Lumen is a lightweight, efficient deep learning inference engine designed to provide high-performance execution across CPU, NVIDIA CUDA, and Apple Metal backends.
- Multi-Backend Support: Seamless execution across CPU (using Accelerate or OpenBLAS), CUDA, and Metal.
- Intelligent Routing: Automatic selection of the optimal hardware backend for each operation based on real-time performance metrics and input size.
- Graph Optimization: Built-in compiler passes for operation fusion and dead code elimination to maximize execution speed.
- Memory Efficiency: An advanced memory planner that reduces peak memory usage through tensor liveness analysis and buffer reuse.
- ONNX Support: Native importer for loading and executing ONNX models directly.
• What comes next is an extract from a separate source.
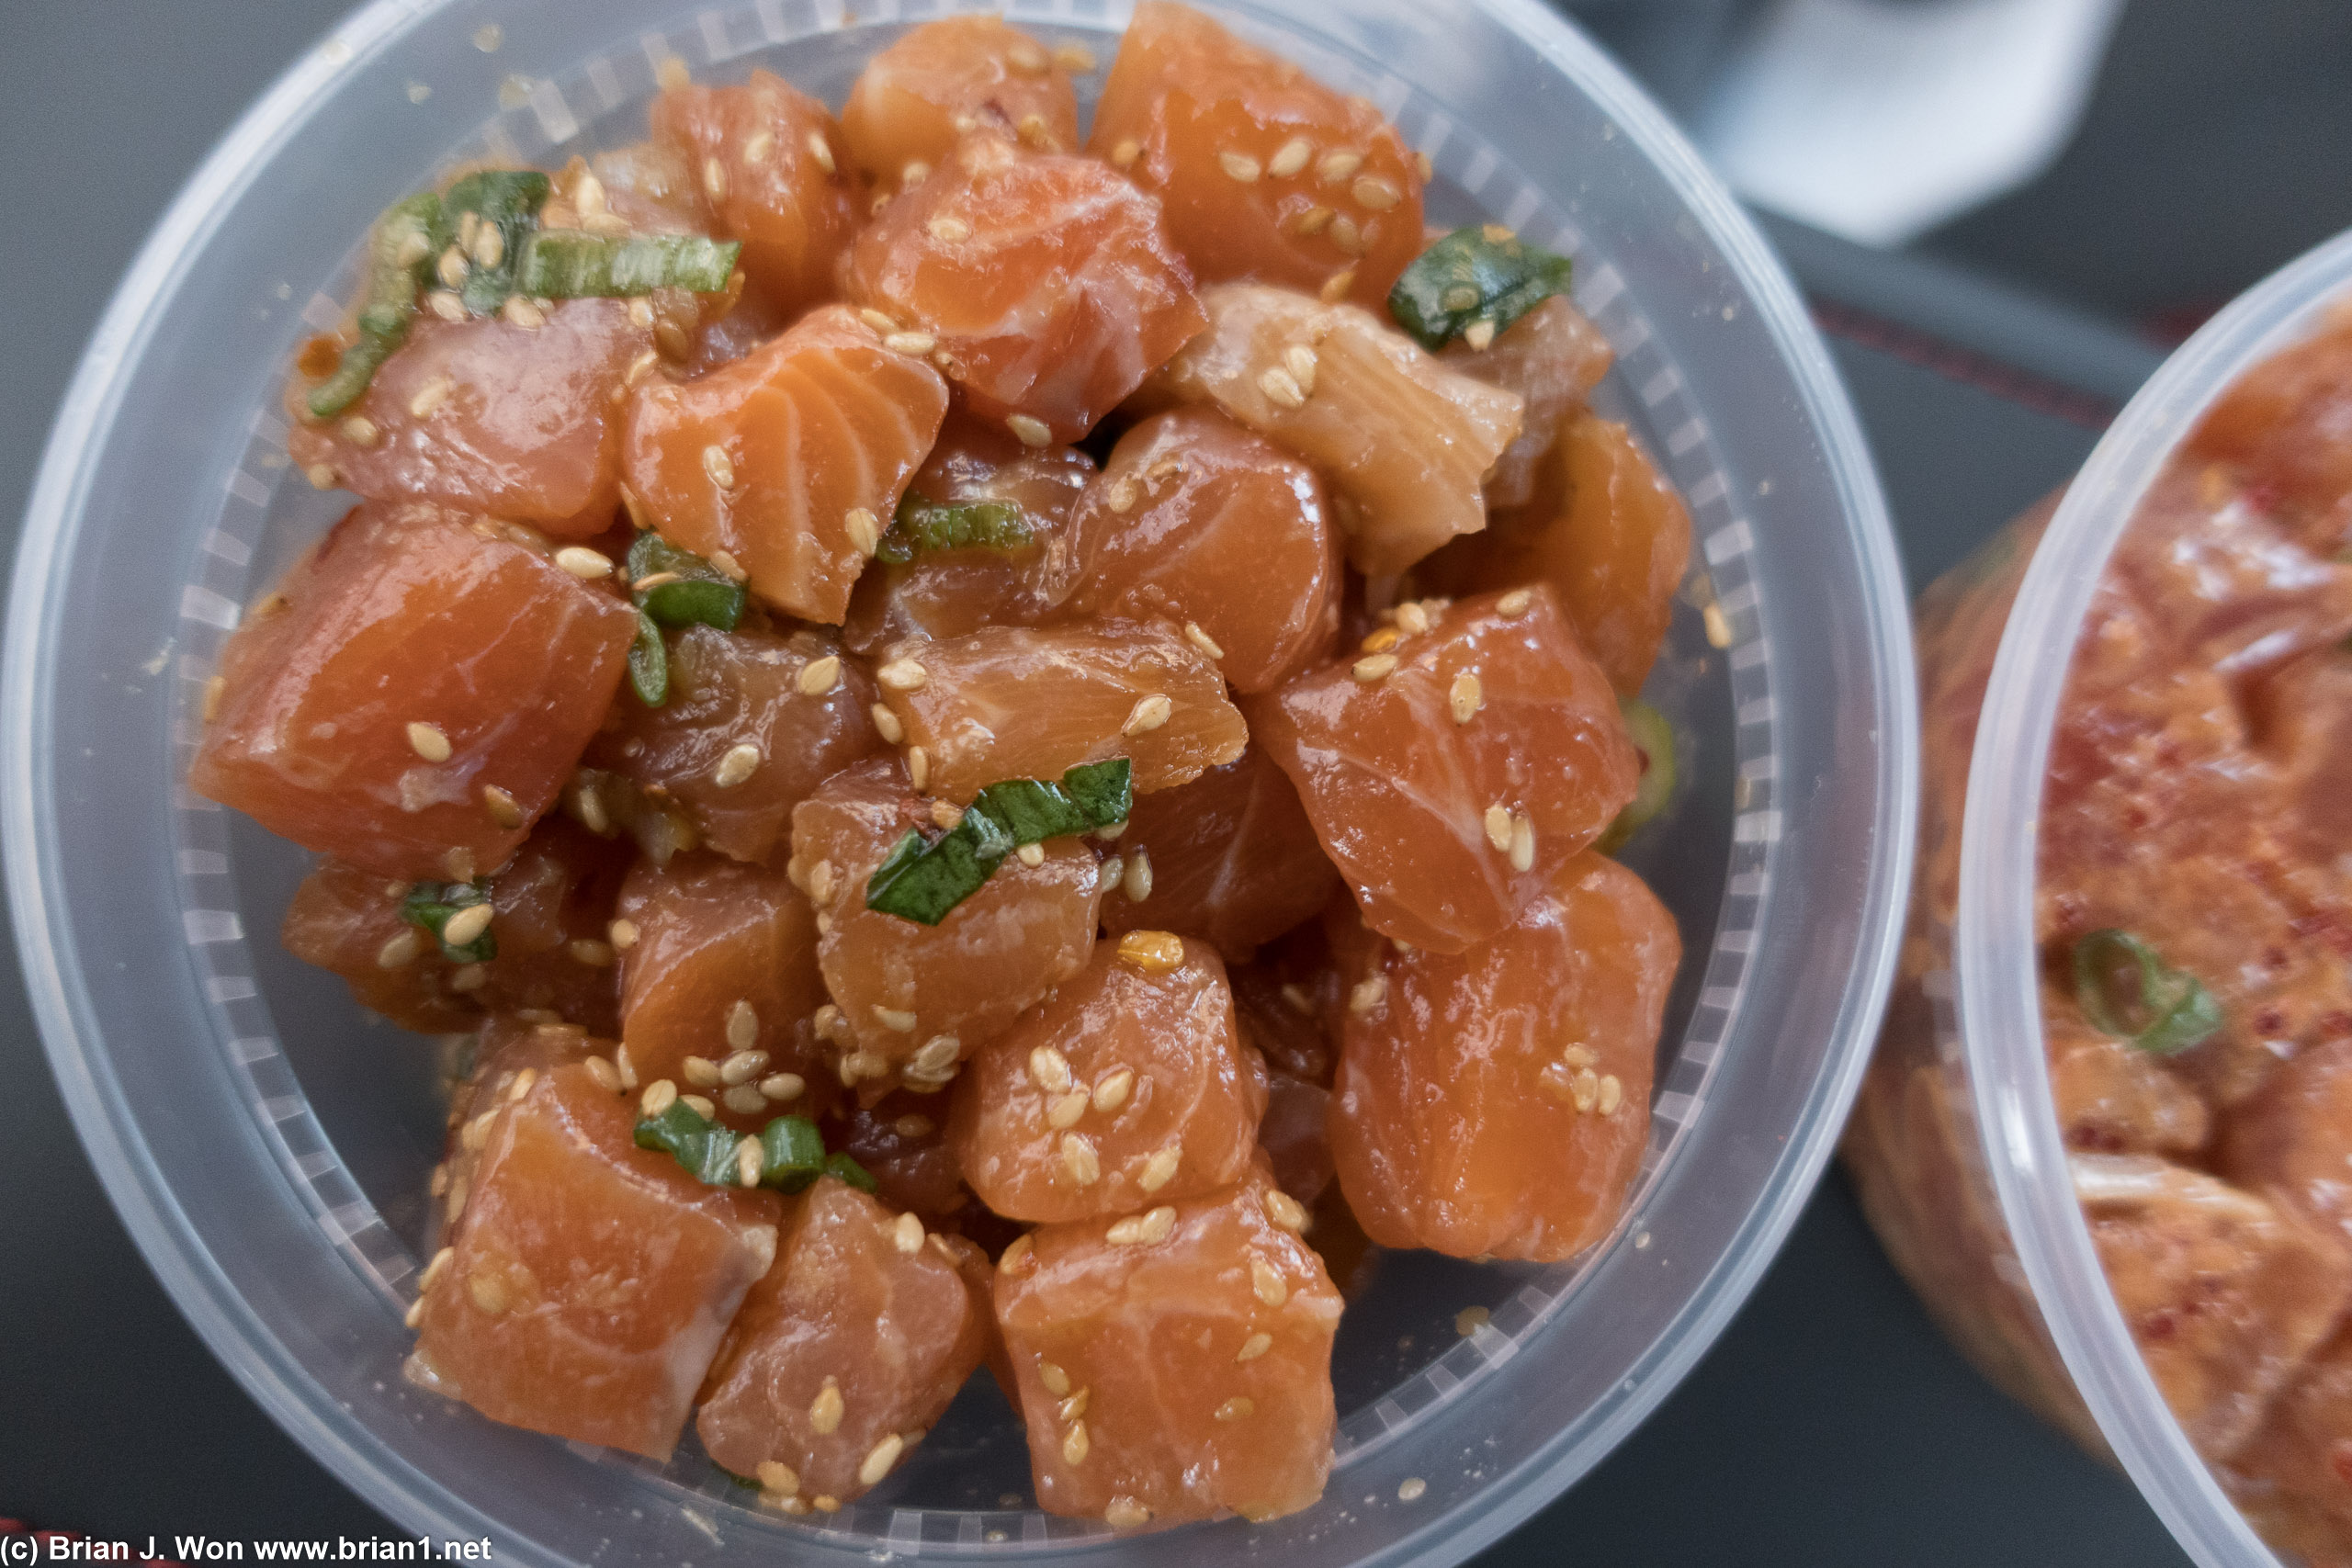 Salmon was not great--mostly just shoyu, not much else for flavor.

- Python Integration: A high-level Python API with zero-copy NumPy integration for ease of use.
Lumen's architecture is divided into three primary layers:
- Core Layer: Foundational components for memory pooling, buffer management, and cross-backend synchronization.
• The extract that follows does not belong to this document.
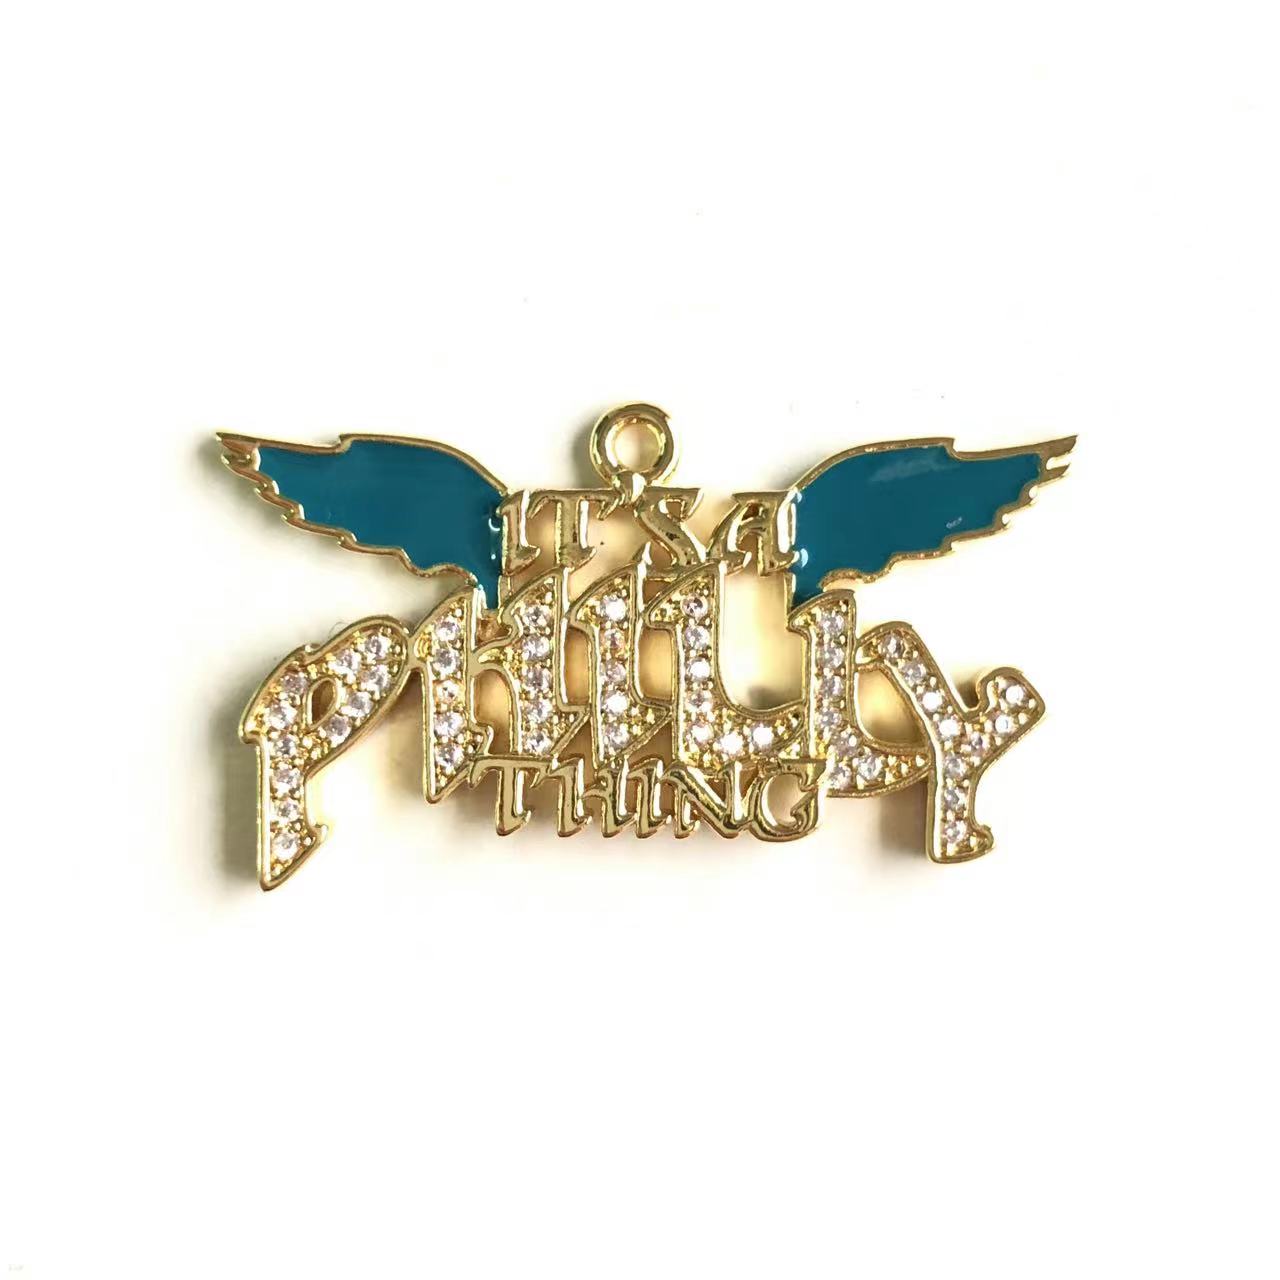 10pcs/lot CZ Paved "It is a Philly Thing" Word Philadelphia Eagles Charms Gold CZ Paved Charms American Football Sports New Charms Arrivals Charms Beads Beyond

- Graph Layer: A middle-tier Graph IR that handles shape inference, optimization, and compilation into an executable plan.
- Backend Layer: Specialized implementations for different hardware, providing high-performance kernels for various neural network operations.
Lumen uses CMake for its build system. To build the project and its Python bindings, ensure you have the necessary dependencies (Protobuf, ONNX, and a supported GPU toolkit) and run:
mkdir build && cd build
cmake .. -DCMAKE_BUILD_TYPE=Release
cmake --build . --parallel
Alternatively, use the provided helper script:
./run.sh
This script will detect your platform, install requirements like pybind11, and run the test suite.
The Python API provides a familiar interface for tensor operations and model inference.
import lumen
import numpy as np
# Create tensors
x = lumen.randn(1, 3, 224, 224)
w = lumen.randn(64, 3, 3, 3)
# Run operations
y = lumen.conv2d(x, w, stride=(1, 1), padding=(1, 1))
z = lumen.relu(y)
# Load ONNX models
model = lumen.load_onnx('model.onnx')
model.compile()
output = model(x)For low-level control, the C++ API allows manual graph construction and execution.
lumen::Runtime rt;
lumen::Graph graph;
auto *in = graph.add_input("input", {1, 10});
auto *w = graph.add_weight("weight", {10, 5});
auto *out = graph.add_op("matmul", {in, w});
graph.mark_output(out);
graph.optimize();
auto *executable = graph.compile(&rt);
auto input_buf = rt.alloc({1, 10});
auto outputs = executable->execute({input_buf});
Initial benchmarks on an Apple M-series system demonstrate the runtime's efficiency:
- MatMul (4096x4096): Metal latency of 26.132 ms vs CPU latency of 44.371 ms.
- Memory Planner: Achieved a 50% reduction in peak memory usage by optimizing buffer reuse in a 20-layer MLP.
- Model Fusion: Successfully fused Conv2d and ReLU operations into a single kernel execution, reducing dispatch overhead.